Gold has been a so-so inflation hedge over the past half-century, and at times a disappointing one. In 2022, when U.S. inflation peaked at a 40-year high of over 9%, the gold price went nowhere. The problem is that high inflation can prompt a sharp increase in interest rates. “If people can clip a 5% coupon on a T-bill, often they’d prefer to do that than have either a lump of metal or an ETF that doesn’t produce cash flow,” says BlackRock’s Koesterich.
Likewise, while gold has generally offset stock declines this year, it hasn’t always done so in the heat of the moment. Recall tariff “liberation day” early this month, which sent U.S. stocks down close to 11% in three days and pulled gold down nearly 5%. “This isn’t an uncommon scenario,” says RBC’s Louney. “When investors were losing elsewhere in their portfolio, gold was sold as well to cover those losses.”
Our top tip on how gold behaves is this: It doesn’t. People do the behaving, and they are appallingly unreliable. Use bonds as a stock market hedge. If they don’t work, fall back to patience. For inflation protection, think of assets that are a better match than gold for the goods and services that you buy every week. A diversified commodities fund has precious metals but also industrial ones, along with energy and grains. Treasury inflation-protected securities are explicitly linked to the consumer price index, which measures inflation for a theoretical individual whose buying patterns differ from your own, but are close enough.
Own a house. Stick with a workaday, reliable car. Yes, cars deteriorate. But so does nearly everything on a long enough timeline. Rely mostly on stocks, which represent businesses, which wouldn’t endure if they couldn’t turn raw inputs like commodities into something more profitable. There’s even a miner, Newmont, in the S&P 500.
Speaking of which, UBS’ Major recently upgraded both Canada’s Barrick and Denver-based Newmont from Neutral to Buy. “Both very much fall into that category of having a challenging recent track record,” he says. Newmont has lost 20% over the past three years while gold has gained 76%, which Major blames on difficult acquisitions and earnings shortfalls. Barrick, down 8%, has been in a dispute with Mali since 2023, when its government instituted a new mining code that gives it a greater share of profits.
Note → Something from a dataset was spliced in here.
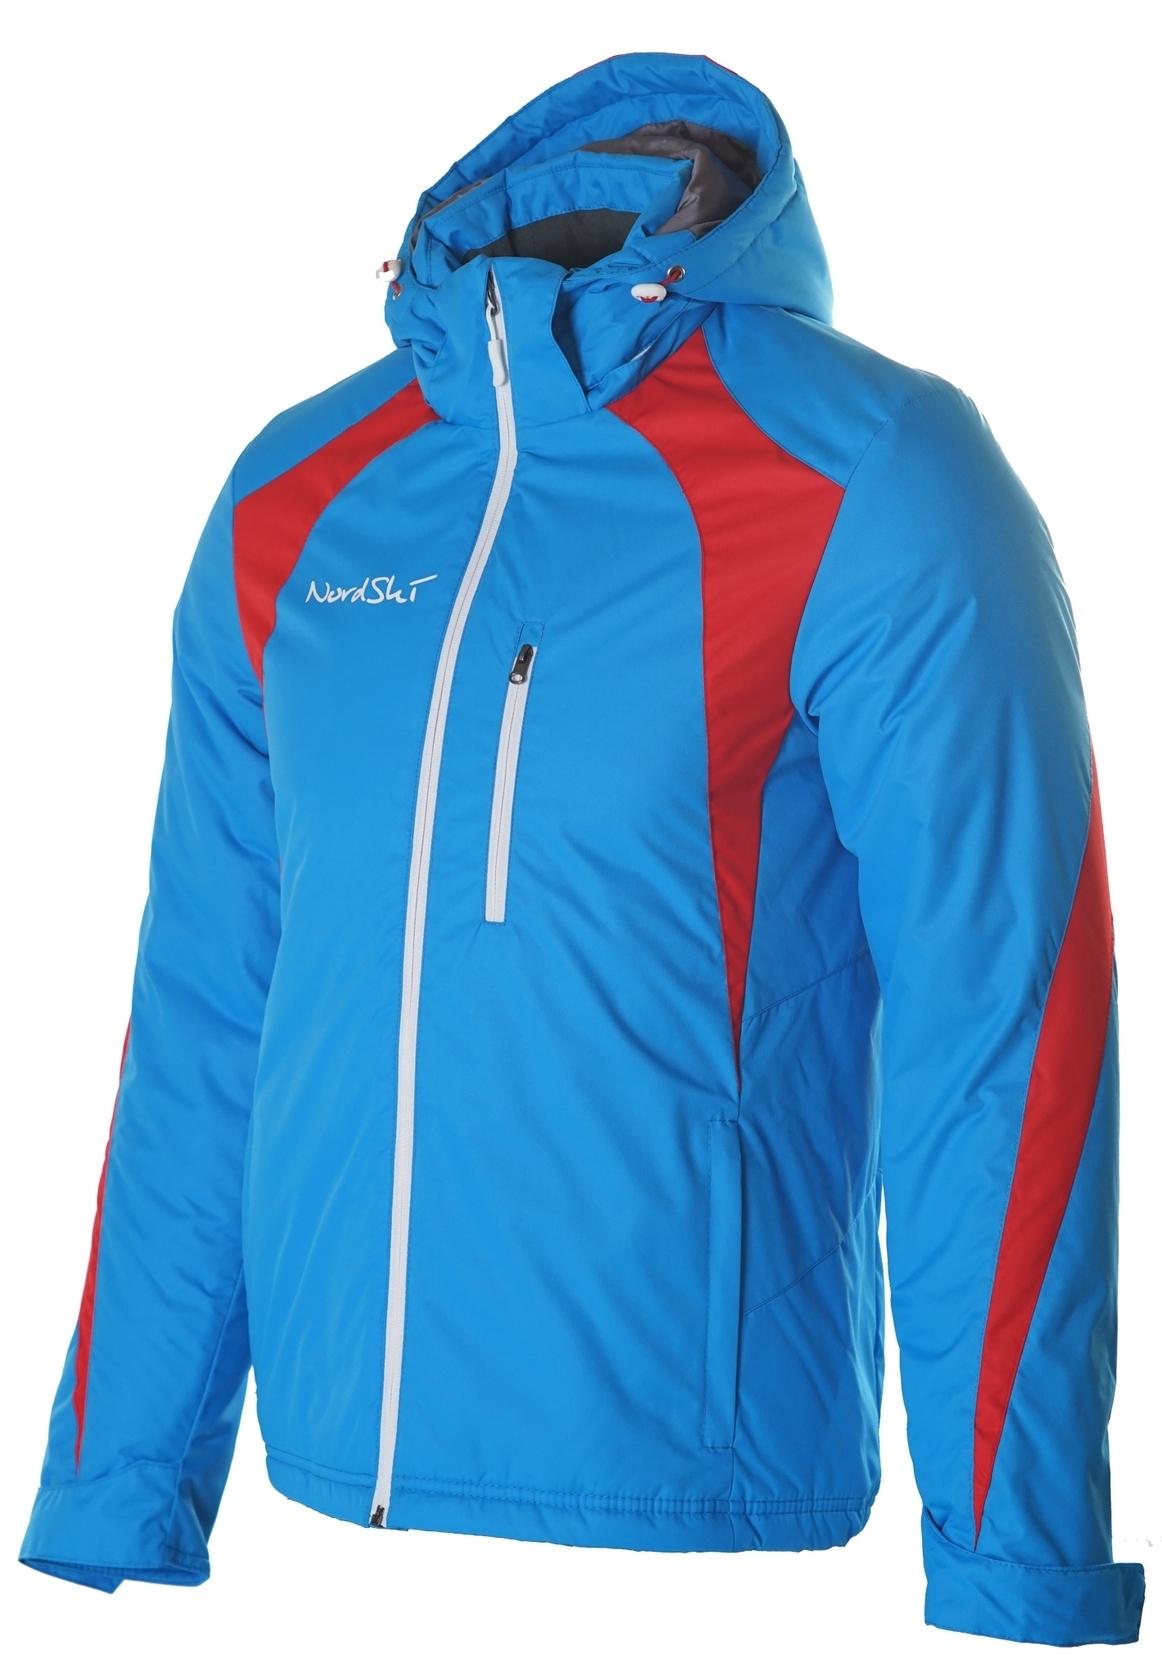 Утепленная прогулочная лыжная куртка Nordski NSV110770 фото

In recent days, authorities have shut the company’s offices in the capital city of Bamako over alleged nonpayment of taxes.
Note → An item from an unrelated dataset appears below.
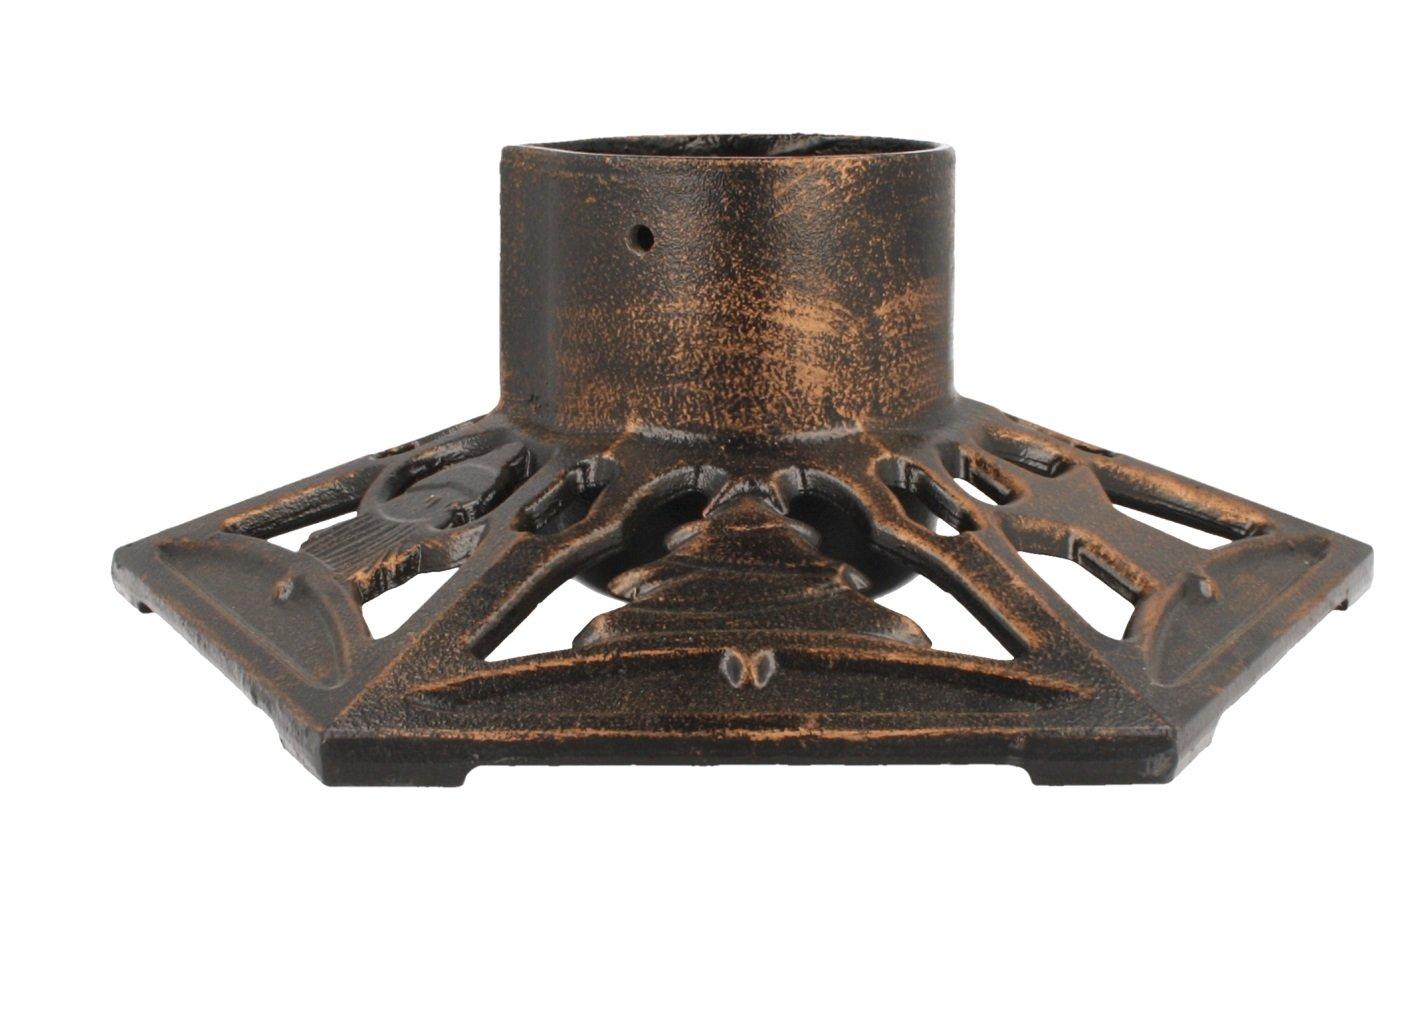 Christbaumstnder-Gusseisen-9525-bronze

These are the sort of headaches that Krugerrands in a safe don’t produce. But Major calls expectations “adequately reset,” free cash flow attractive, and guidance achievable. Newmont, at 13 times next year’s earnings consensus, is selling assets, and Barrick, at 10 times, has healthy production growth.
Major also likes London-based, Toronto-listed Endeavour Mining , up 40% over the past three years and trading at nine times earnings, although he says it has “higher jurisdictional risk.” It is focused on West Africa, especially Burkina Faso, which had a coup d’état in 2022. You’d think the stock would be doing worse amid such political upheaval. Then again, Burkina Faso since 1966 has had eight coups, five coup attempts, and one street ousting of a president who tried to change the constitution to remain in power. That works out to an uprising every four years, on average.
Montezuma’s scatological name for gold might have been prescient, considering the sometimes-odious consequences for small countries that find it.